__Exercise__
Restate every line below word for word, but drop each picture.

__Collected data__
=======

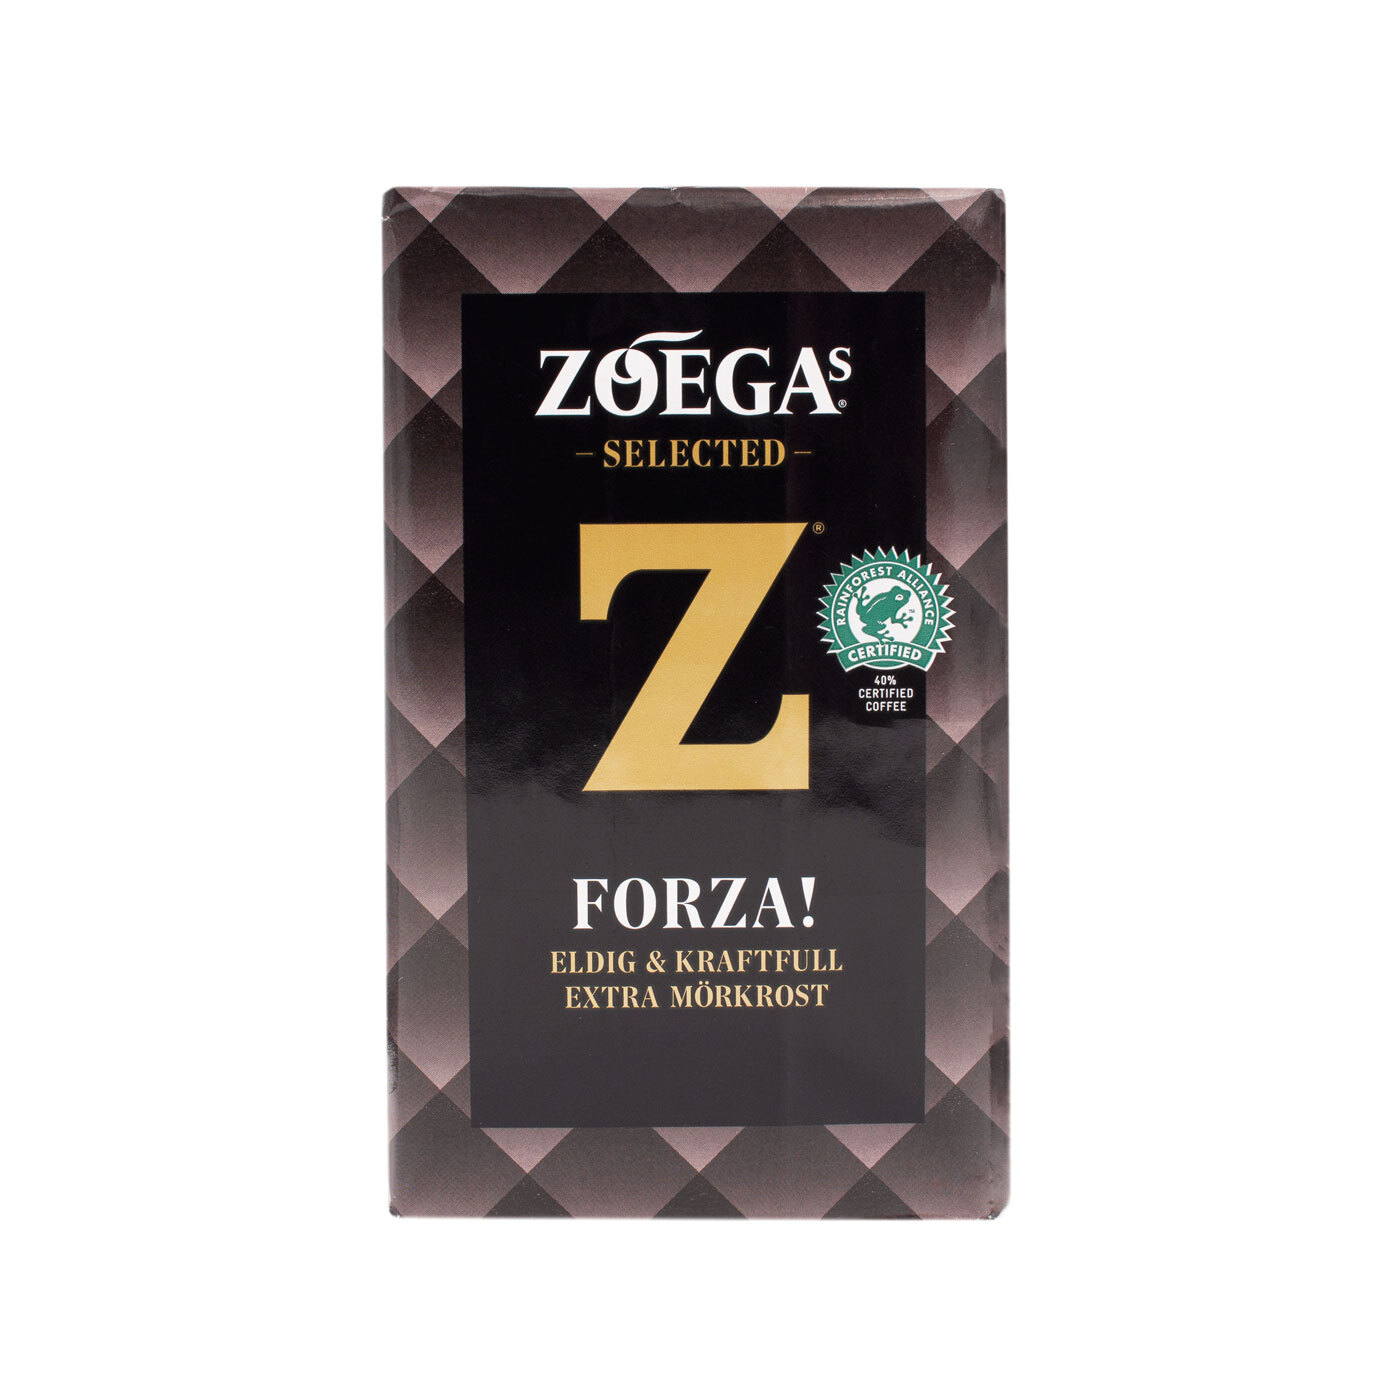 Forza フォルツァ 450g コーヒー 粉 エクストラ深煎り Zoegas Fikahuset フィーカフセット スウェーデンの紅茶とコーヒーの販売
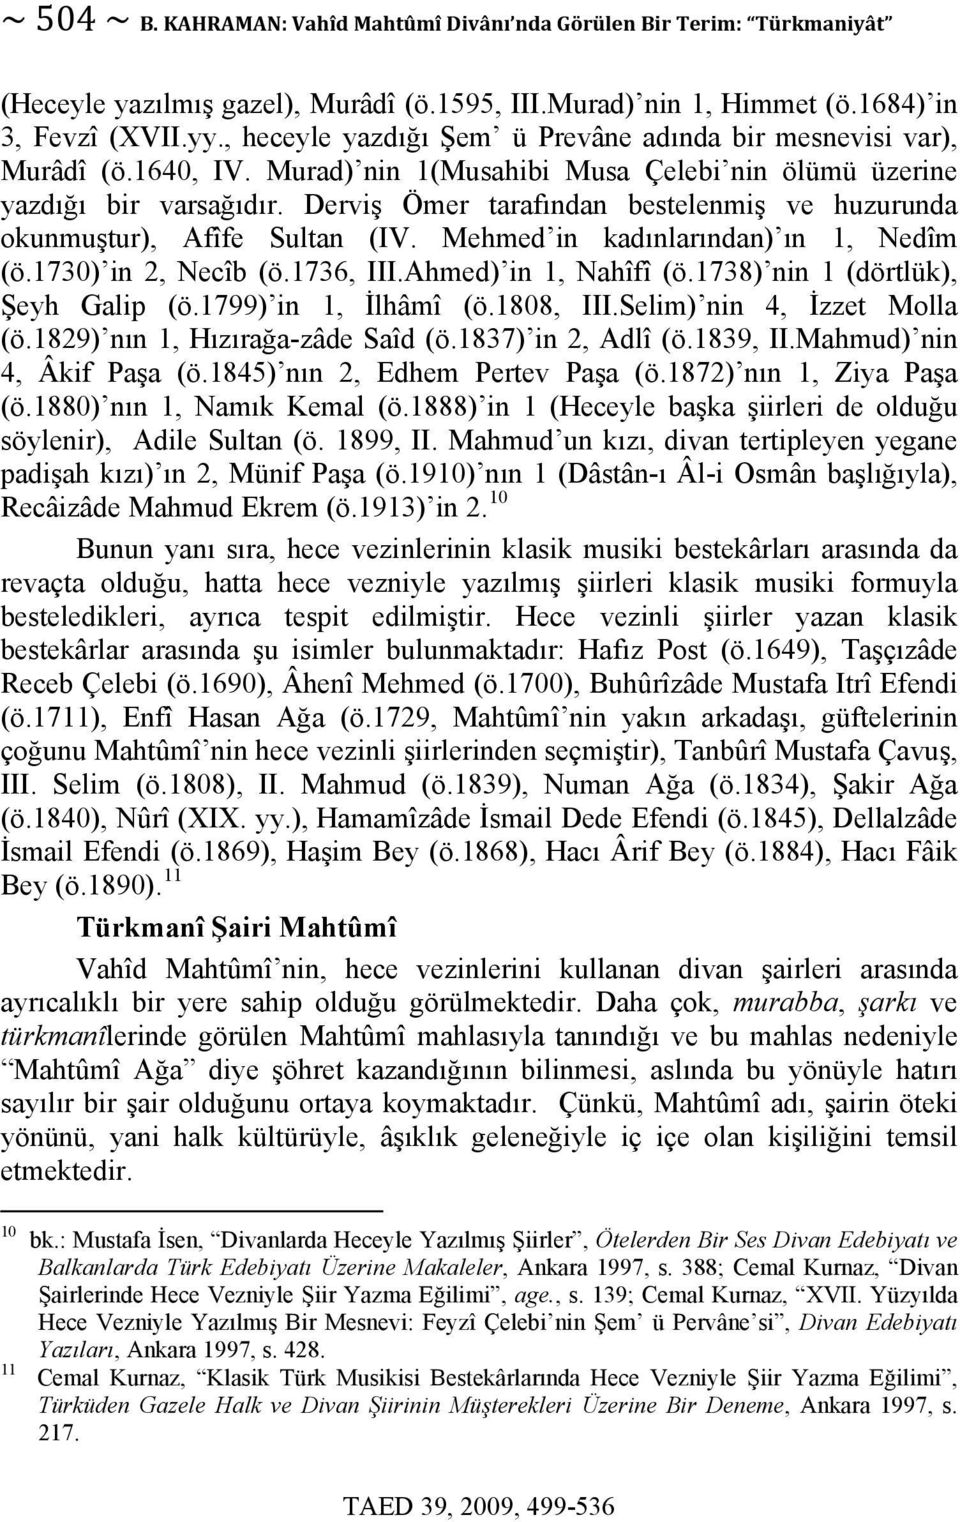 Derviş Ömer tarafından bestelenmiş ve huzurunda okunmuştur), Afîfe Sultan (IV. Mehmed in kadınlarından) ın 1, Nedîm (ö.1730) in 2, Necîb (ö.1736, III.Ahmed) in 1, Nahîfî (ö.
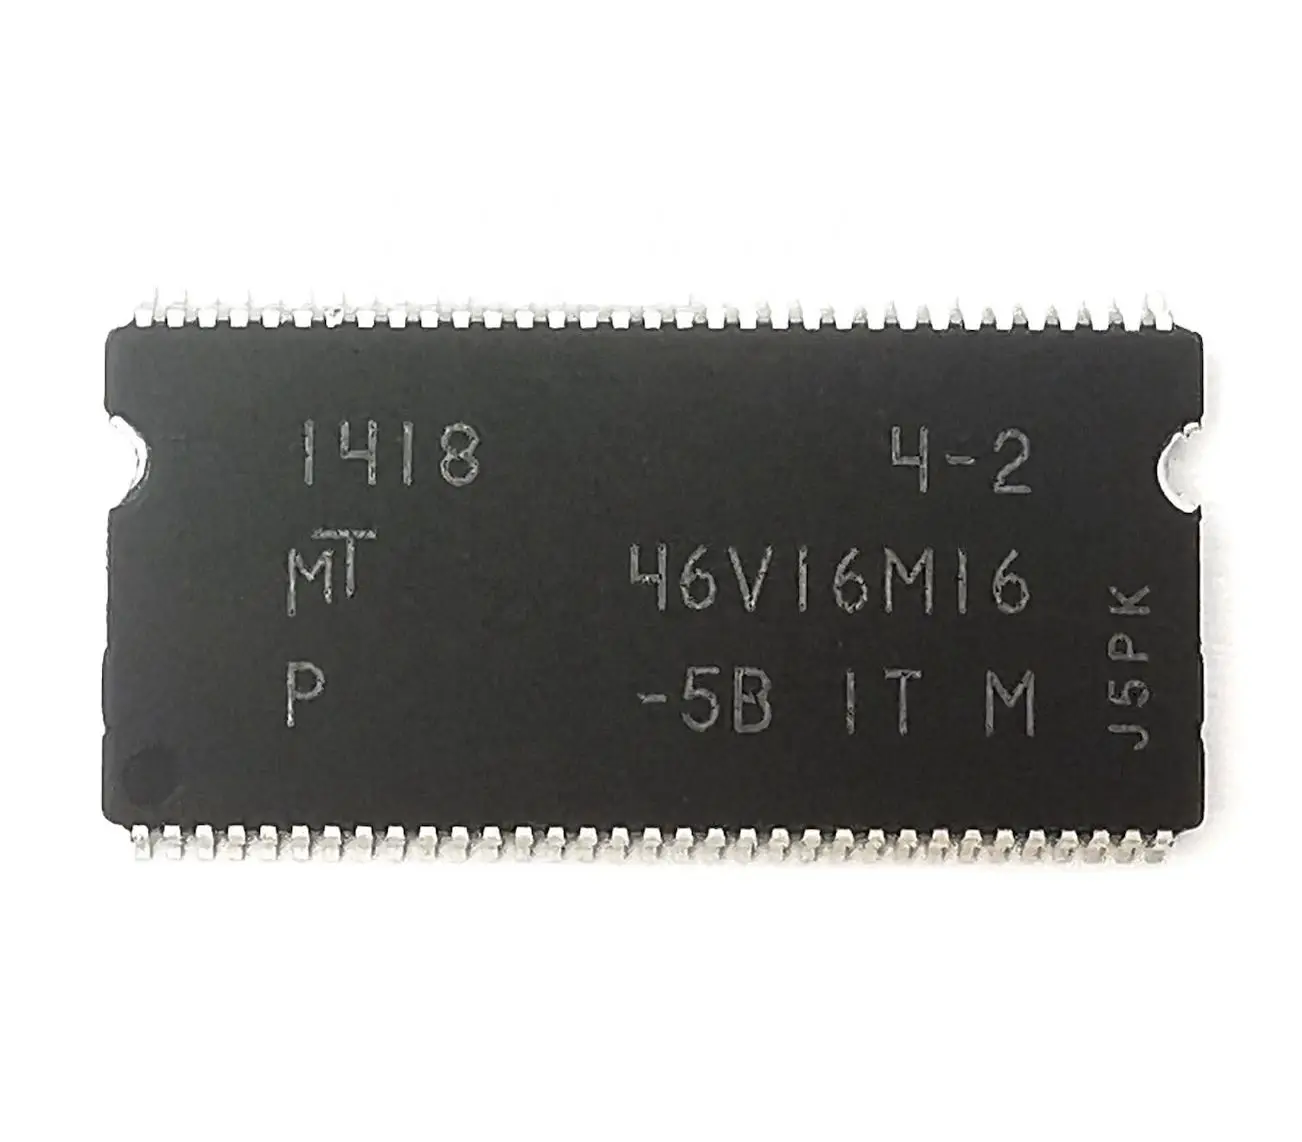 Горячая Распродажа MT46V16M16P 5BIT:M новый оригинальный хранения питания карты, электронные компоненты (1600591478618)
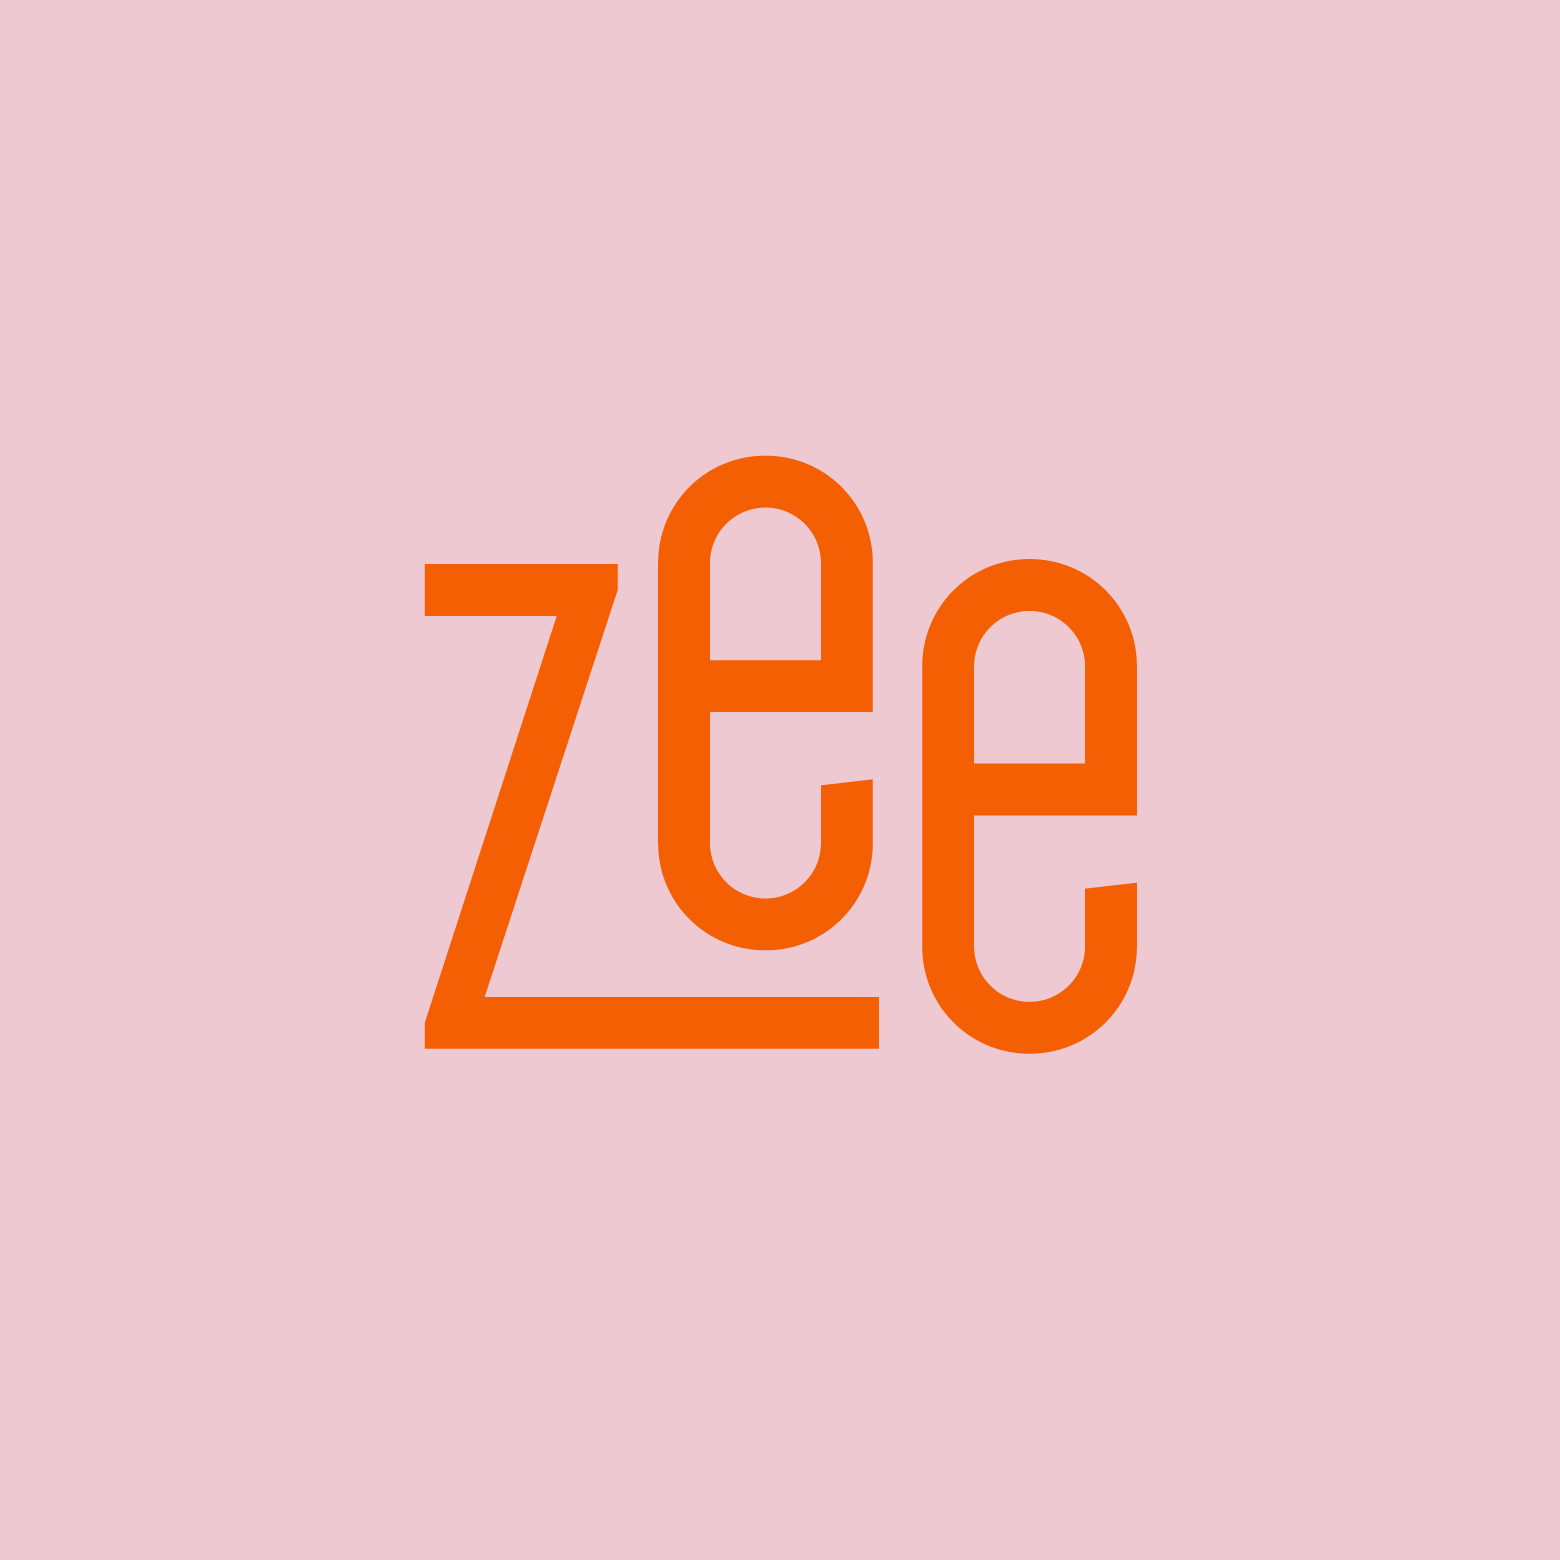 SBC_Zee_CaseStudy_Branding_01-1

=======

__Exercise solution__
 Forza フォルツァ 450g コーヒー 粉 エクストラ深煎り Zoegas Fikahuset フィーカフセット スウェーデンの紅茶とコーヒーの販売
 Derviş Ömer tarafından bestelenmiş ve huzurunda okunmuştur), Afîfe Sultan (IV. Mehmed in kadınlarından) ın 1, Nedîm (ö.1730) in 2, Necîb (ö.1736, III.Ahmed) in 1, Nahîfî (ö.
 Горячая Распродажа MT46V16M16P 5BIT:M новый оригинальный хранения питания карты, электронные компоненты (1600591478618)
 SBC_Zee_CaseStudy_Branding_01-1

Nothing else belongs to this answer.